Without a degree in fine art, and not a ton of solid work experience at the age of 24, I didn’t have much success as I applied to jobs in creative industries. After some time, the family florist (Hi, Valerie!) suggested I apply to flower shops, which I had never thought of before. She was even kind enough to give me my first tutoring session on floral arranging. To this day, we love to talk flowers.

 

Once I started working in a flower shop, the days didn’t seem to pass so slowly, the team became a second family to me, and while I initially feared the frequent social interaction with customers, it didn’t take long to realize how wonderful it feels when a customer’s breath is taken away by their flowers. Much of who I am today I discovered at that shop, and the people I met there helped me so much along the way. In a way, I feel like I grew up and found myself there.

As I dove into the world of weddings, I had the “eureka moment” — Wedding floral design was where my love for floral design, service, and business savvy could come together. After months of pros/cons lists, agonizing internal and external debates, and some visits with mentors at the Small Business Administration, Fleurish was born.

No longer am I left wondering how to use my business degree. My thinking has become that of a business owner – and thanks to my B-school background I’ve got mad skills in Excel that yes, are surprisingly useful as a florist. Since I’ve embarked on this small business journey, I’ve constantly re-evaluated my processes and workflow and will never stop looking for improvements. The creative side of my brain gets a ton of exercise looking for creative business solutions, but even more so as I challenge myself to heighten the artful quality of my floral designs. There are literally nights when I dream about color palettes and flower combinations. Since I started this venture in the fall of ‘17, it has blown my mind how I’m constantly learning as a small business owner, and how much I still need to learn— and I’m hungry to keep learning (like I touched on above, school was my favorite).

This path I’ve been on has been pretty bendy and bumpy, but it does feel like I’ve found a home in this business. It’s been empowering to know I’m building something, growing something, with every decision I make.
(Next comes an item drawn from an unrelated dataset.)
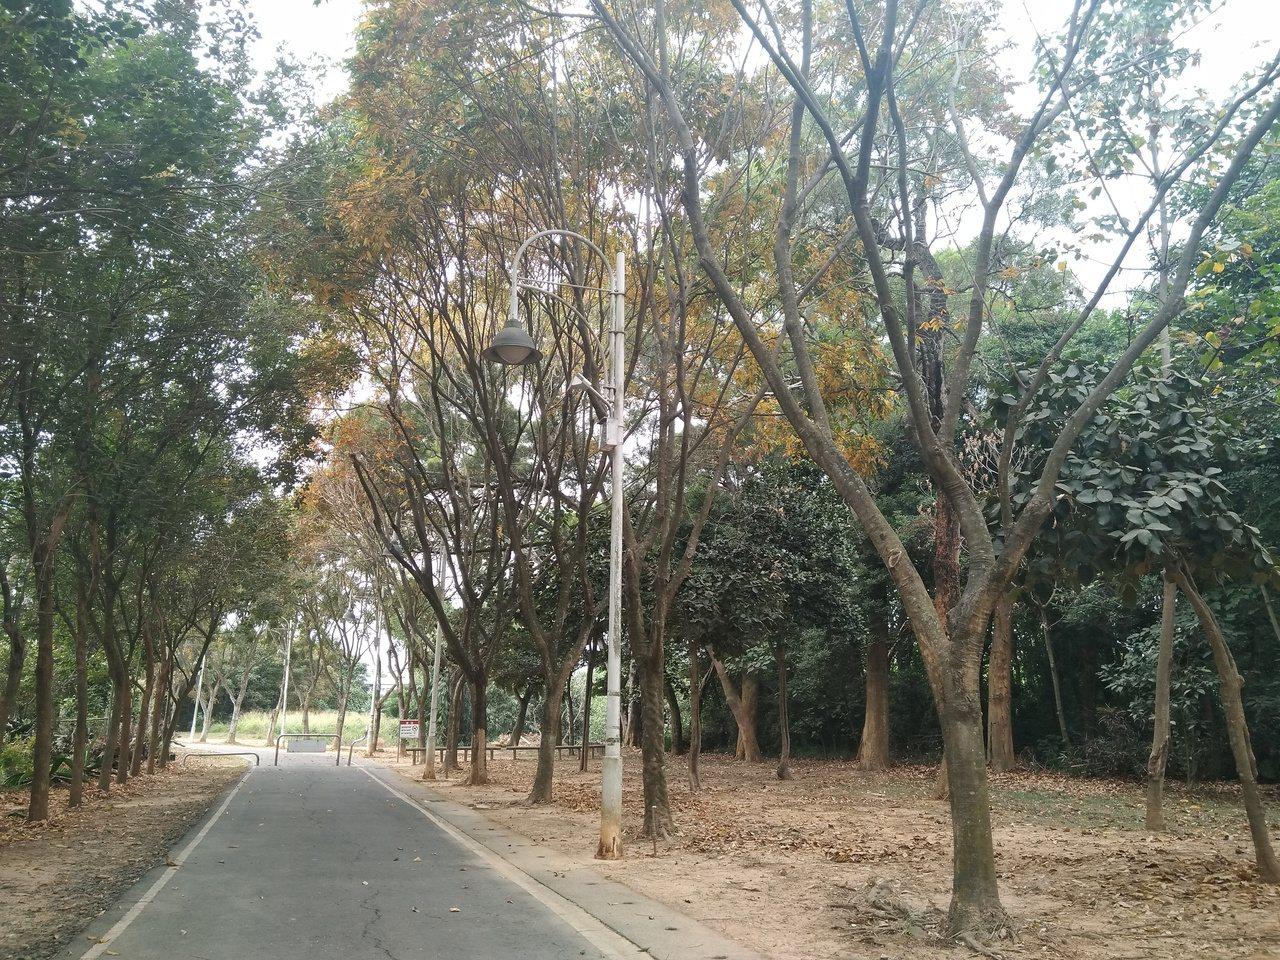 民雄森林公園內有片很美的落羽松森林,曾經是民雄的秘境,但後來因缺乏整治,較少民眾...

When I’m not putting my mind, body and soul into this budding flower business, I spend a lot of my time out in the yard, though only when Indiana graces us with beautiful weather - I don’t do cold. The garden was a big project for my husband and myself last year (I’m hoping to incorporate some homegrown blooms in this year’s bouquets and I’ve got another blog post in the works about this!). Patrick and I love working on our home together, exploring Indy’s culinary offerings, traveling, and spending time with our families; however, our most favorite thing in the world is enjoying time with our fur baby, Sadie. Teaching her to bring the frisbee back to us after she catches it has been taking up bits of free time (for the last 3 years, but I’m not giving up), and we’re hopeful that she’ll eventually learn how to play a proper game of fetch. I’ve also tried to keep up with painting classes when there’s time by attending watercolor classes at the Carmel Art Education Studio. I’ve found that the principles of art that I’ve learned and practiced in these classes is 100% transferable to the world of flowers.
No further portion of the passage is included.